- _About this exercise_: Below are some records; quote exactly the lines from the one that contains "Paulmann 28724 LED" through the one that contains "by USCG (fc)", inclusive, and no others.

- _Given data_:
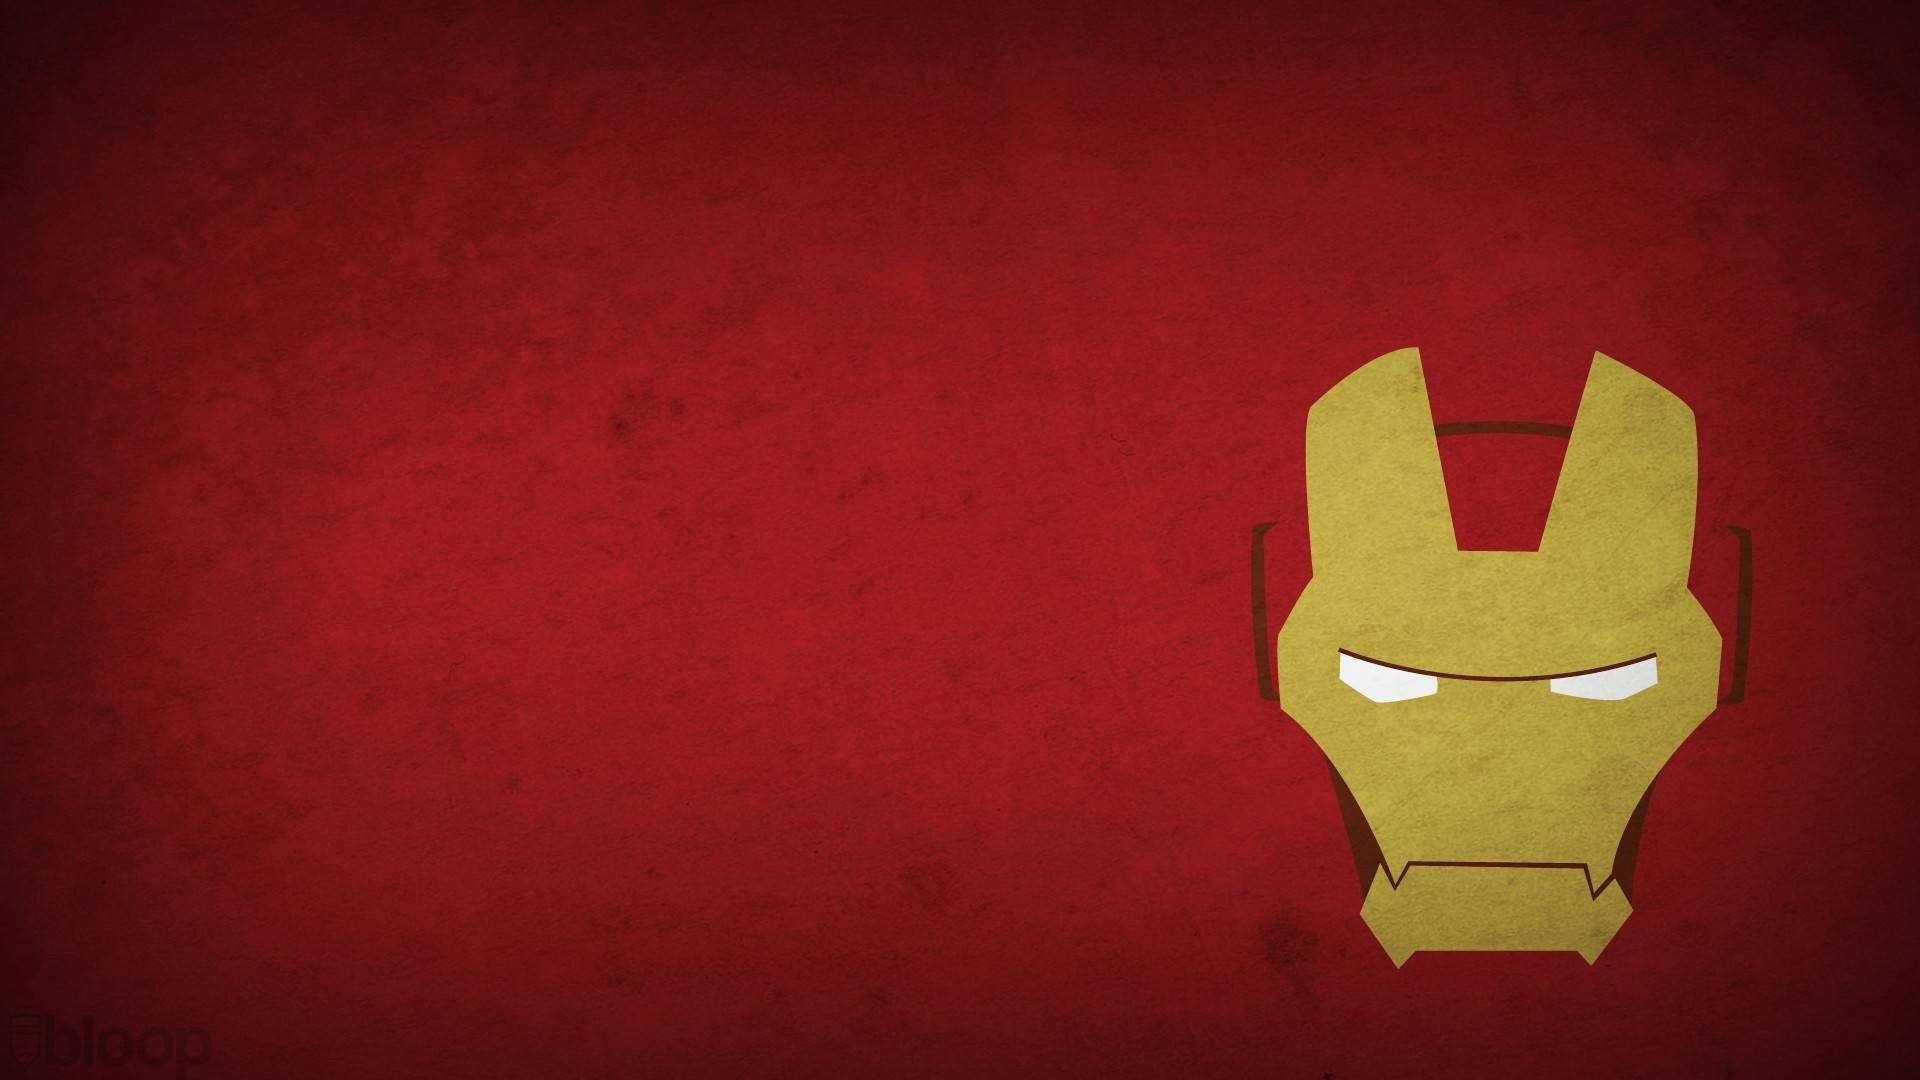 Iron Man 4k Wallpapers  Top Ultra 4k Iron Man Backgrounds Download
--
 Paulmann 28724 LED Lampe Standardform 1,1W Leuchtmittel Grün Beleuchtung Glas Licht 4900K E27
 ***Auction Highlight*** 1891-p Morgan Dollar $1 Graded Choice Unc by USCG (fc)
---
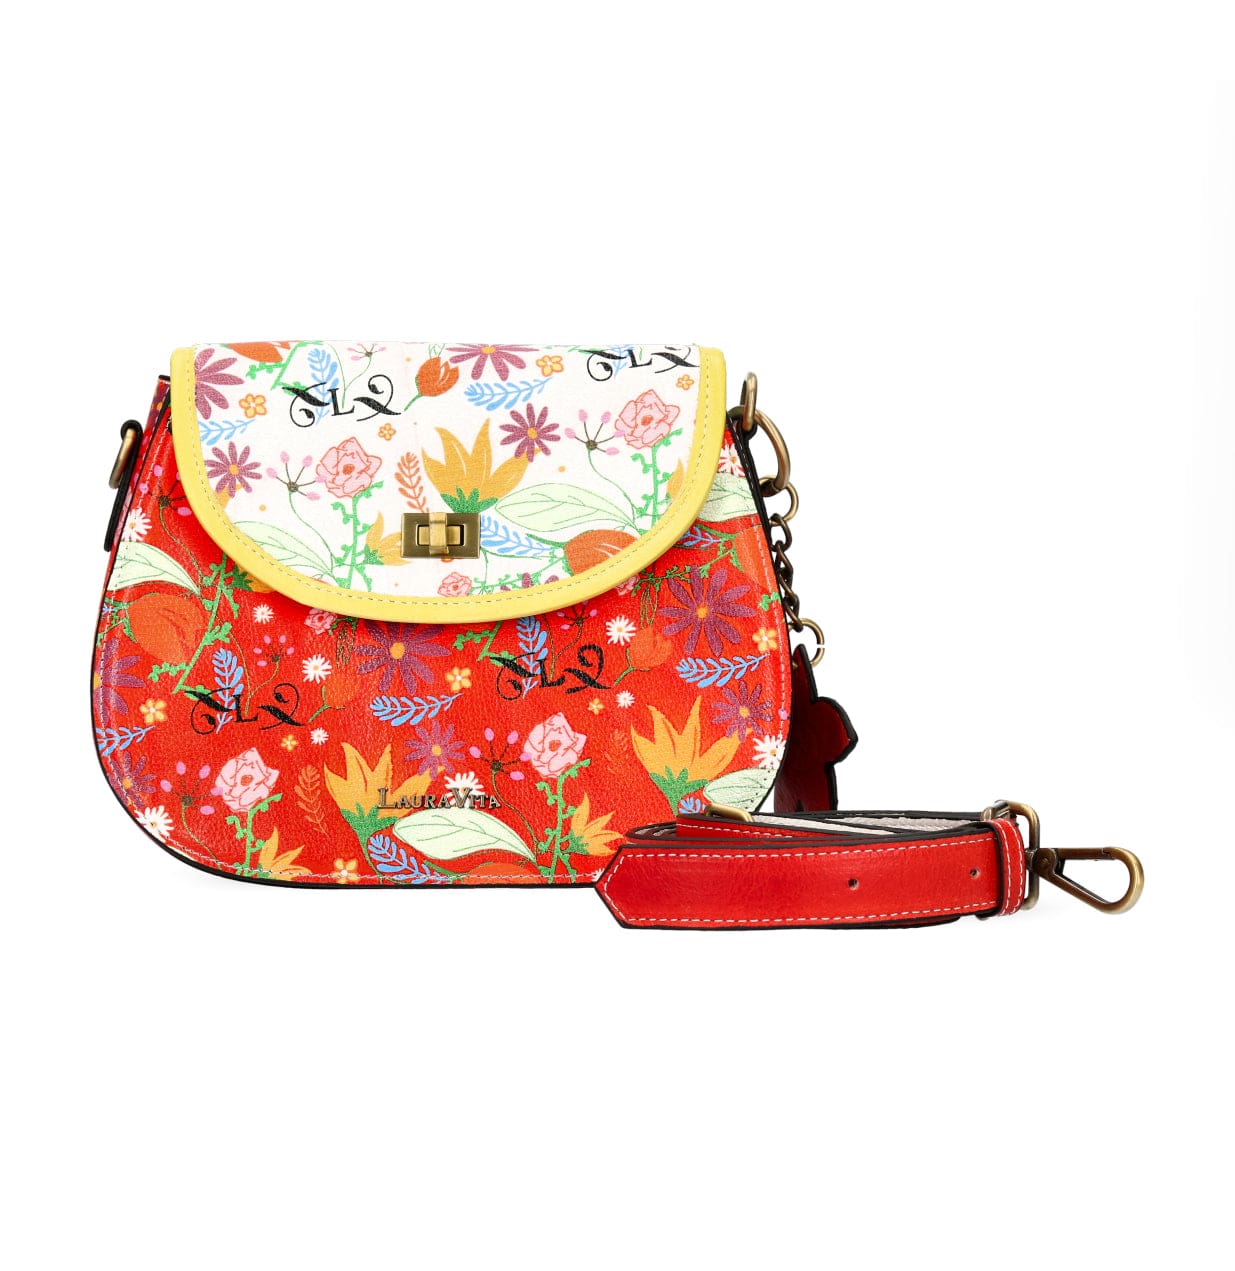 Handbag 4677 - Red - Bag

- _Response to this exercise_:
 Paulmann 28724 LED Lampe Standardform 1,1W Leuchtmittel Grün Beleuchtung Glas Licht 4900K E27
 ***Auction Highlight*** 1891-p Morgan Dollar $1 Graded Choice Unc by USCG (fc)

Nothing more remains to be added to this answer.